The plaintiff has not alleged in count one that any proffered evidence has been newly discovered such that it could not have been discovered previously despite the exercise of due diligence. There is no allegation in count one that any actual or constructive knowledge on the part of Sibley could not have been discovered previously despite the exercise of due diligence. See Morant v. State, 68 Conn.App. 137, 146, 802 A.2d 93, cert. denied, 260 Conn. 914, 796 A.2d 558 (2002) (emphasizing that petitioner failed to explain why he could not have set forth proffered evidence prior to trial); Ertel v. Rocque, supra, Superior Court, Docket No. CV 08 5003917 (same). As a result, count one of the amended petition for a new trial fails to satisfy the first prong of the Asherman test and cannot survive a motion to strike.
B
Turning to count two of the amended petition for a new trial, the plaintiff seems to allege that he is relying on newly discovered evidence, as he claims that he "received a notarized statement from the victim's family members that the victim attempted to commit suicide because she lied [about the plaintiff] and caused him to be incarcerated for a crime that did not happen . . ." This implies that the notarized statement is newly discovered and could not have been discovered earlier through exercise of due diligence. The Supreme Court has stated that such recantation of prior testimony constitutes newly discovered evidence. Shabazz v. State, 259 Conn. 811, 827 n. 11, 792 A.2d 797 (2002).

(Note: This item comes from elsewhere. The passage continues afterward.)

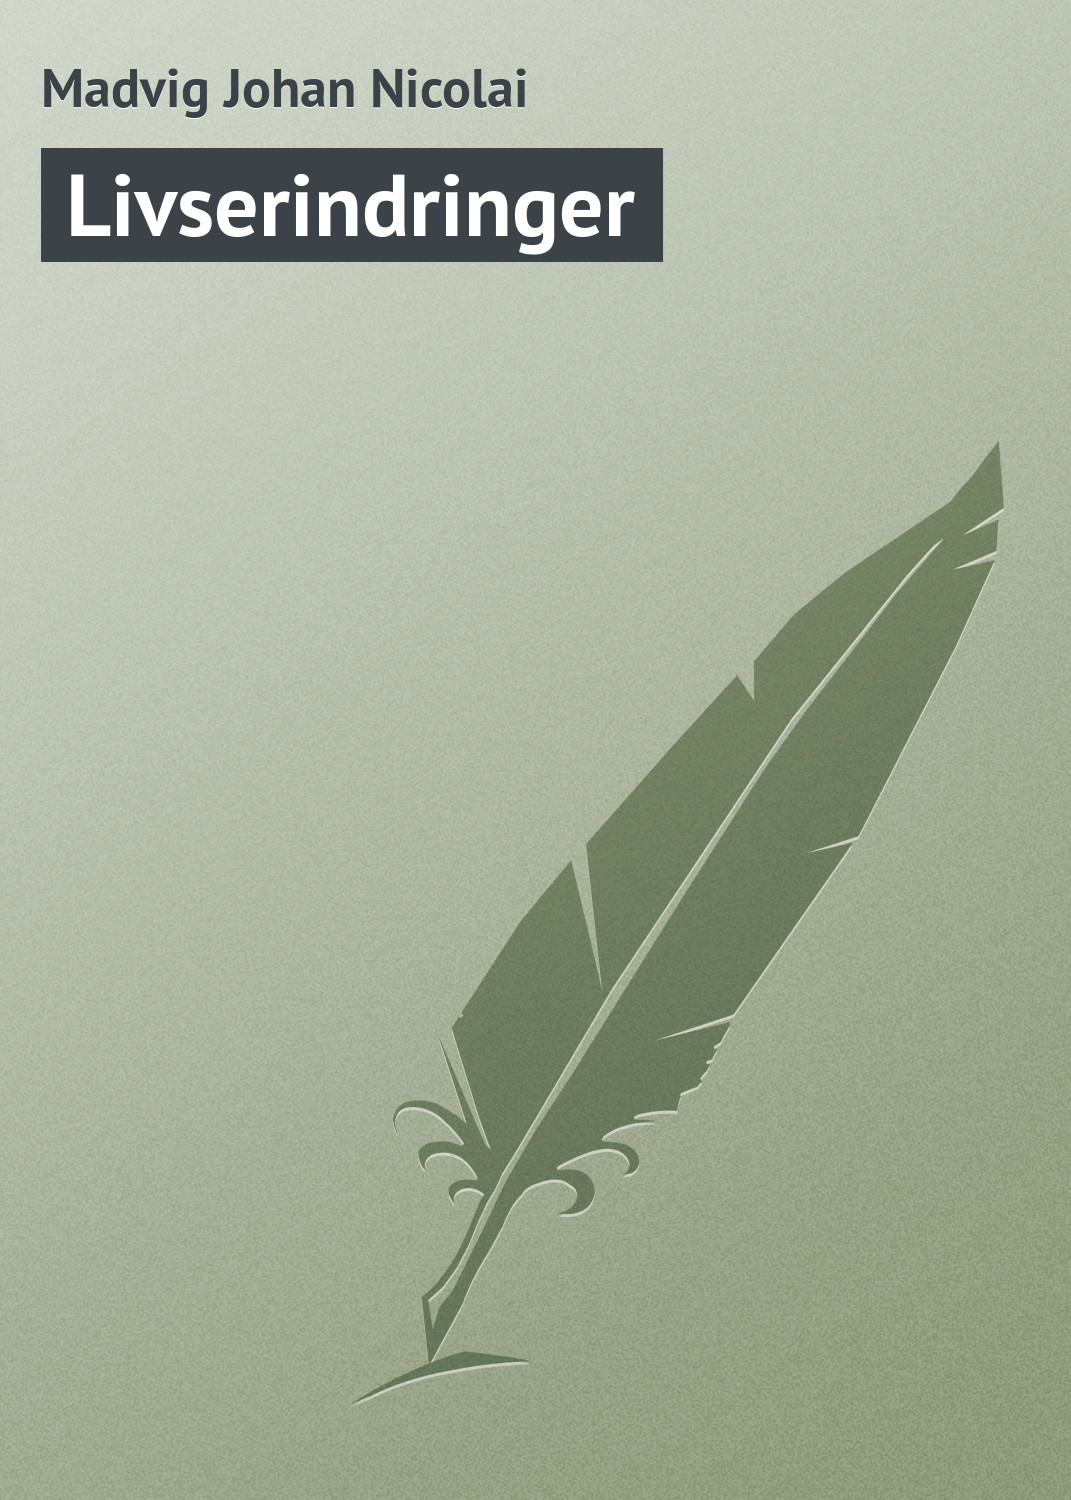 Книга Livserindringer из серии , созданная Madvig Johan, может относится к жанру Зарубежная старинная литература, Зарубежная классика. Стоимость электронной книги Livserindringer с идентификатором 21106446 составляет 5.99 руб.

Even if count two satisfies the first prong of the Asherman test, however, it fails to satisfy the other three criteria. The plaintiff does not allege that the evidence would be material to the issues at the new trial, is noncumulative and would be likely to result in a different result in the event of a new trial. The plaintiff also fails to set forth facts to satisfy the second through fourth prongs of the Asherman test in his memorandum in opposition to the motion to strike. Therefore, count two of the amended petition for a new trial similarly cannot survive a motion to strike.
CONCLUSION
The court grants the defendants' motion to strike the plaintiff's amended petition for a new trial.